(Minghui.org) I am a young man in my 30s. I had a stable job at a state-owned enterprise and everyone envied me and my family, but I was not happy.
Like many young adults, I began to play video games, which turned into an obsession. I once spent 36 hours playing video games without a break. Afterwards, I felt awful.
Even though I felt bad when I played, I had no control over myself and could not stop. I was wasting a lot of time playing video games and was neglecting my responsibilities.
At work it was important for me to be recognized and promoted. I was always trying to please my supervisor. I do not like alcohol, and have never been able to hold my liquor. However, my supervisor seemed to like it, so I would drink to please him.
After I got back to my hotel or home I would throw up and feel terrible. One day I drank too much and threw up blood.
I wanted people to have a good opinion of me, so I often acted like I knew it all, and as if I was better than others.
I was very competitive and would badmouth my co-workers behind their backs when I was worried that they were getting ahead instead of me. I thought I was being smart.
At home I vented my anger on my wife and child. Later, I would be in tears with regret.
“Is this the life I wanted,” I asked myself. “Is this a good life? What life should I have?”
I then read Zhuan Falun, the main book of Falun Dafa, which gave me a sense of relief. This book told me the purpose of my life, how I should behave, and about living the principles of “Truthfulness-Compassion-Forbearance.”
We are part of the universe, so everything including our daily lives need to be in sync with these principles. Once, I understood this, I changed.
After two days into this cultivation practice I stopped playing video games. It was not something I forced upon myself. I just had no desire to play anymore.
I started to work hard, and truly put my heart into any work assignments. I took my time and paid attention to every detail. It was a relief.

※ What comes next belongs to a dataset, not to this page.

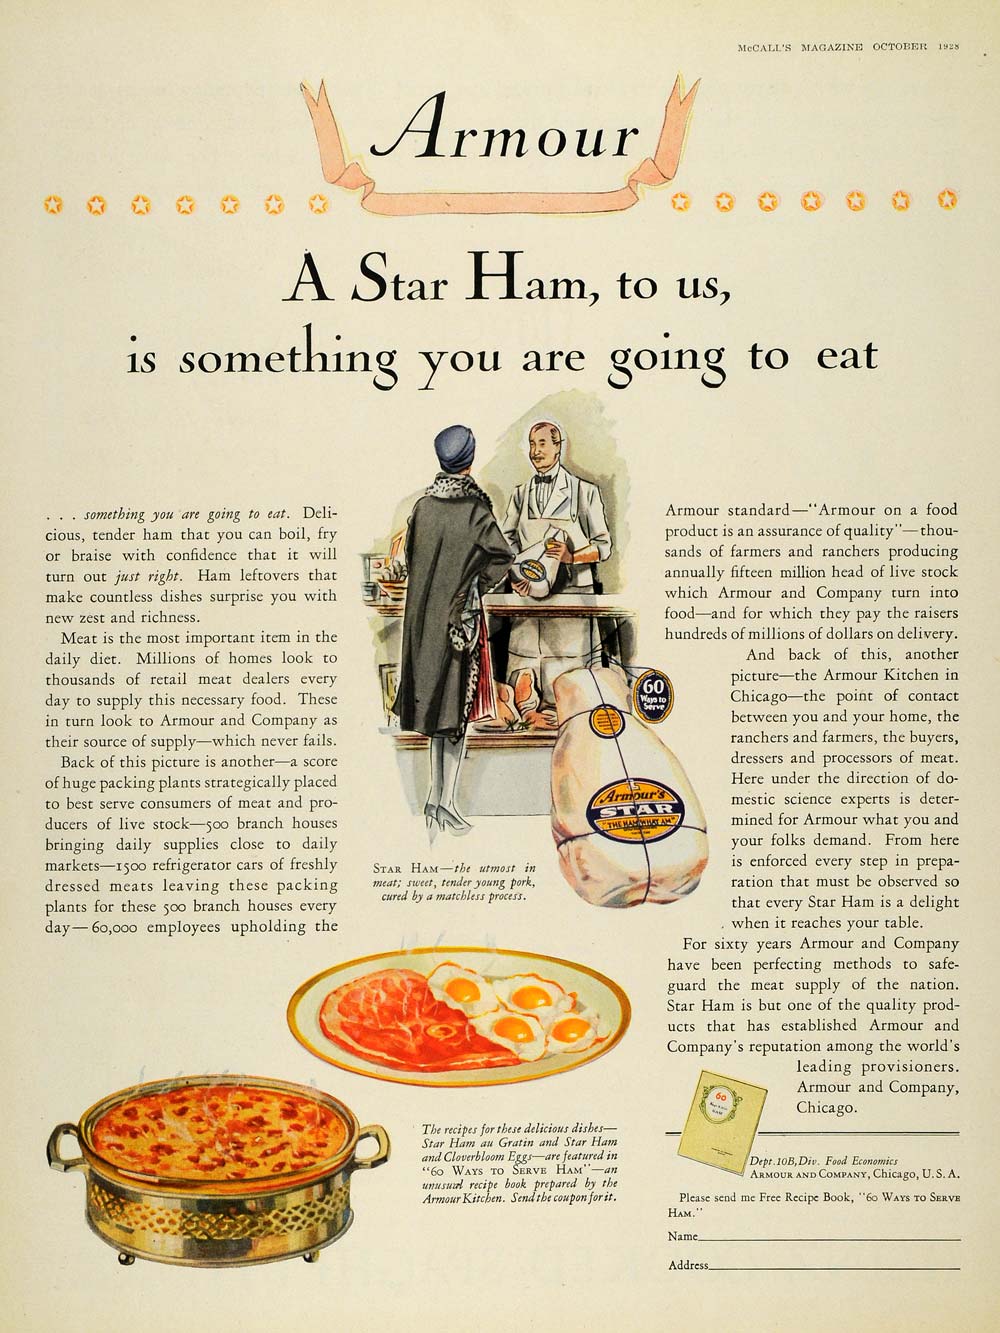 1928 Ad Armour & Co. Star Ham Cloverbloom Eggs Dish - ORIGINAL ADVERTISING MCC4

From reading Zhuan Falun, I began to understand that everyone's path of life is prearranged. So I stopped seeking fame and fortune and took them lightly. I no longer show off in front of my supervisor, or talked bad about anyone else.
When I am out with my supervisor I no longer drink alcohol. I wondered if others would think it odd, but instead everyone accepted it without question. Only once did others try to convince me to drink and my supervisor stood up for me. When I dine with customers, I am the only one who does not drink and it is not a problem.
How could it be possible that I no longer crave all I did before I practiced Dafa? Socially it is still common for men to drink. When at a restaurant for dinner, I realize I am the only one sober, and I am the only one with a clear mind. I used to be like them before. Now I know the greatness of Dafa.
I understand I need to follow “Truthfulness-Compassion-Forbearance” at home too. I need to think of others first. I no longer argue with my wife and realize that she works hard at home. When my child makes a mistake I am patient and explain things to her instead of losing my temper.
I listen to and communicate with my family. I realize how silly it was to be upset over so many little things. My home is full of love and laughter now.
This is the life I choose, which is a happy life! Many people are puzzled about what kind of life they want. They are sad and cannot find their true self.
Please, read the book Zhuan Falun. You can have a happy life too!